5. How economies can grow without fertility

Data: The World Bank (birth rate, population growth, population); Note: 2.1 live births per woman is replacement level fertility. Chart: Lazaro Gamio/Axios
Data: The World Bank (birth rate, population growth, population); Note: 2.1 live births per woman is replacement level fertility. Chart: Lazaro Gamio/Axios

Half of the world's countries, including Russia, Brazil and China, now have a fertility rate below the level needed to keep the population constant without immigration. But relatively few are actually shrinking, writes Axios' Stef Kight.

  • Even with decades of a one-child policy and little immigration, China's population is still expected to grow through 2026.

The big picture: Populations change slowly. Humans are living longer, and many rich countries still attract lots of immigrants. That said, Italy, Portugal, Japan and 19 other nations are already seeing population declines.

What to watch: Immigration is increasingly important in terms of boosting rich nations' populations and sustaining GDP growth.

  • By the numbers: "The single most important, basic fact in global development," says development economist Justin Sandefur, is that labor barriers are almost unimaginably expensive. A landmark new paper finds that some 1.5 billion working-age people from 42 countries would make on average $13,710 more per year were they able to work in the U.S.

The bottom line: Insofar as rich countries are willing to welcome more foreigners into their workforces and societies, they will reap trillions of dollars of wealth, growth and corporate profits.

Go deeper: Where populations are booming and shrinking

Bonus: America's record-low birth rate

Data: CDC; Chart: Axios Visuals
Data: CDC; Chart: Axios Visuals

American women are having fewer babies than ever, adds Stef.

Behind the numbers: America's population will continue to grow until at least 2050, according to the Census projections. But this growth will increasingly rely on immigration.

What to watch: If fertility rates remain low or fall further, maintaining high levels of immigration could become even more important.

Go deeper: U.S. population growth will increasingly depend on immigration

6. The week ahead: April inflation

Coming up

Illustration: Rebecca Zisser/Axios

President Trump is in Japan until Tuesday, writes Courtenay.
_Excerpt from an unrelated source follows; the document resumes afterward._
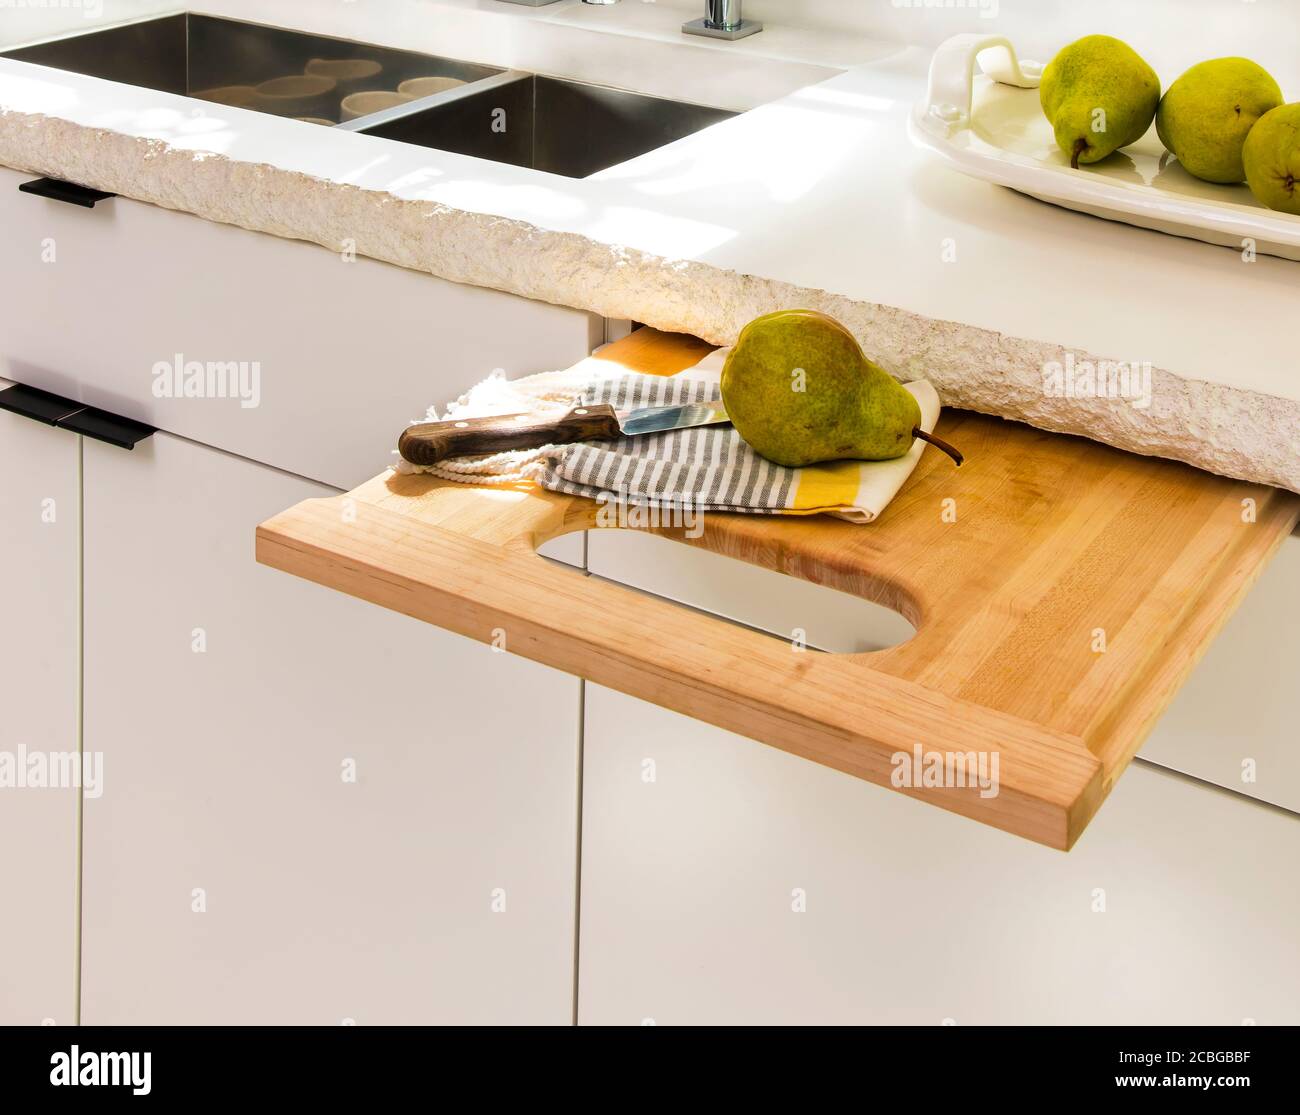 https://c8.alamy.com/comp/2CBGBBF/contemporary-white-kitchen-with-concrete-countertop-pull-out-cutting-board-2CBGBBF.jpg

He’s expected to talk trade with Prime Minister Shinzo Abe.

  • First quarter U.S. GDP growth is expected to be revised down to 3.1% from the initial estimate of 3.2% on Thursday.
  • The latest read on the Fed’s preferred measure of inflation, PCE, is out on Friday. The April number is expected to match March’s 1.6% year-over-year figure — well below the Fed's target of 2%.

The U.S. stock market is closed tomorrow for Memorial Day, while markets in London are closed for a bank holiday.

7. Building of the week: The TWA Hotel

The TWA Hotel at JFK Airport

Photo: David Mitchell

Waiting for an Uber outside an airport hotel is rarely a glamorous experience — unless, that is, you're standing under Eero Saarinen's glorious overhang at what is now JFK Airport's TWA Hotel.

  • Built in 1962 as the New York hub of Trans World Airlines, Saarinen's masterpiece has now been lovingly restored as a retro 1960s hotel, complete with a custom font and a cocktail lounge in a restored Lockheed Constellation.
  • The hotel is targeting 200% occupancy: It wants to sell every one of its 512 rooms twice per day.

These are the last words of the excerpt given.